Just built my first computer. After doing a lot of research a settled with the following components:
Case - Antec 448
Motherboard - ECS G43T-M 
Processor - Intel Core 2 Duo E7200/2.53GHz Socket-775
Ram - Kingston KV800D2N5K2/4G
Hard Drive - Western Digital Caviar WD6401AAls
DVD - Samsung 22x DVD SATA Model SH-5223F-OEM
Floppy DD - Sabrent USB Port

Problem: After going through the BIOS check I tried to load an old 32bit Windows XP home edition O/S Off the dvd player. It would start to load but then it quit with a message as follows : A problem has been detected and windows has been shut down...........................
At the bottom of the screen it says Stop: 0X0000007E (0XC0000005,OXF748E0BF,0XF78DA208,)XF78D9F08) 

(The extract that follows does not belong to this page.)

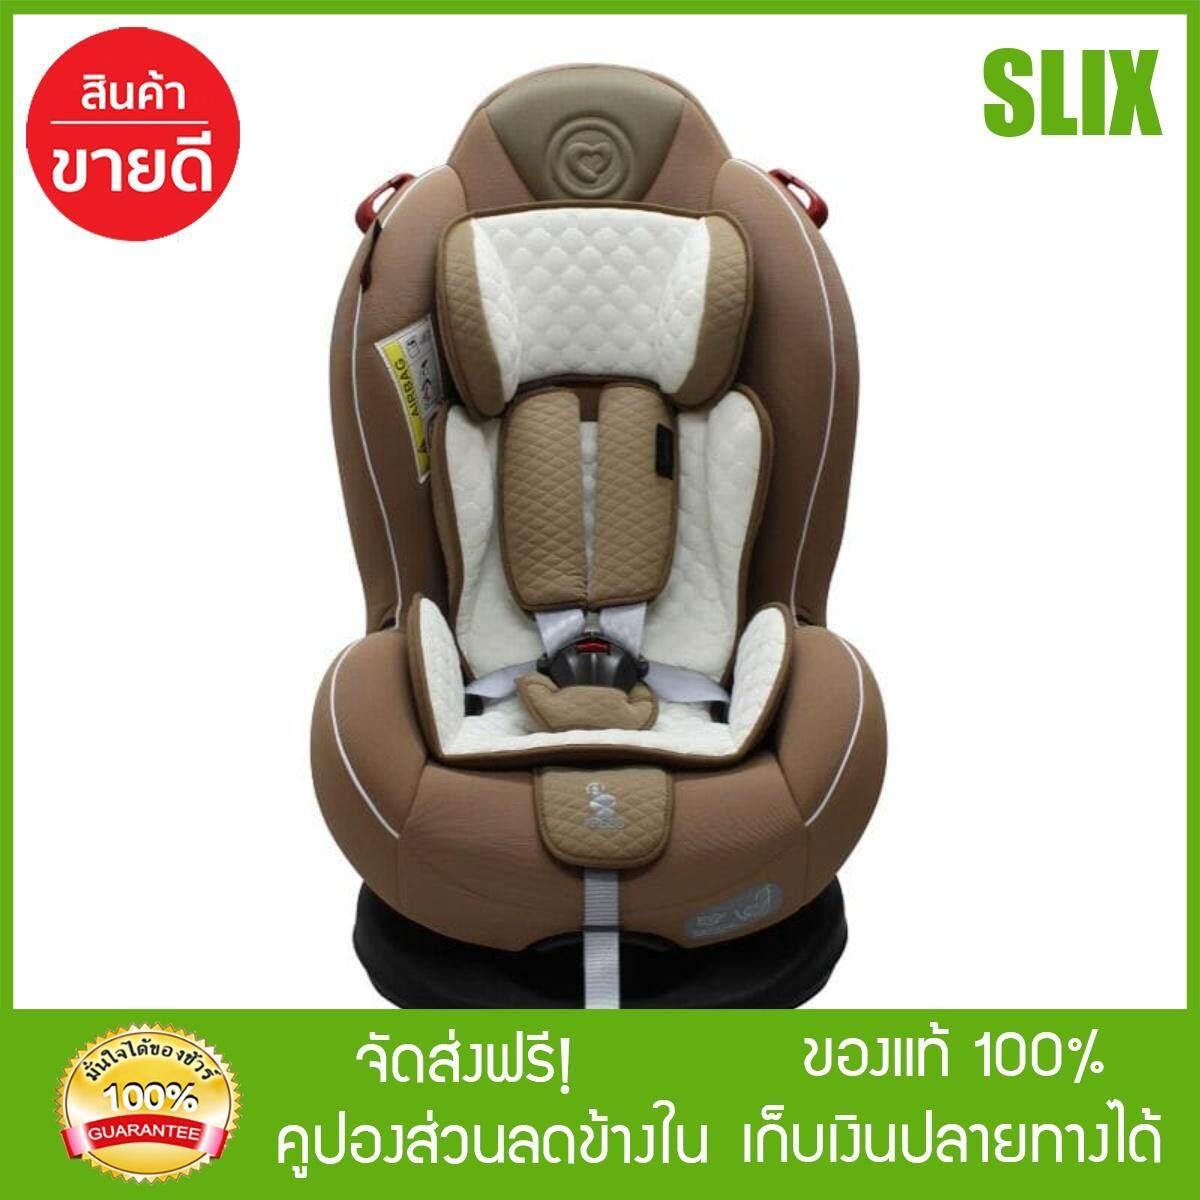 [Slix]- CAMERA เบาะติดรถผ้า+ccp กันศีรษะ bako-6 e รุ่น eco สีกาแฟ คาร์ซีท คาร์ซีทเด็ก คาร์ซีท camera car seat ส่ง Kerry เก็บปลายทางได้

PCI>SYS - Address F748E0BF base at F7487000, DateStamp 3b7d855c

Can anyone tell me what I need to do ?


----------



## linderman (May 20, 2005)

try the OS install with only one stick of memory in the motherboard ............... use the memory slot closest to the cpu


is the hard drive to you are trying to install the OS to a clean drive ?


is this is a sata drive (and it should be) you may have to enter the bios and set the sata controller to act as "IDE mode"

or buy a newl win xp disk with service pack 3 included ?

http://www.newegg.com/Product/Product.aspx?Item=N82E16832116511


----------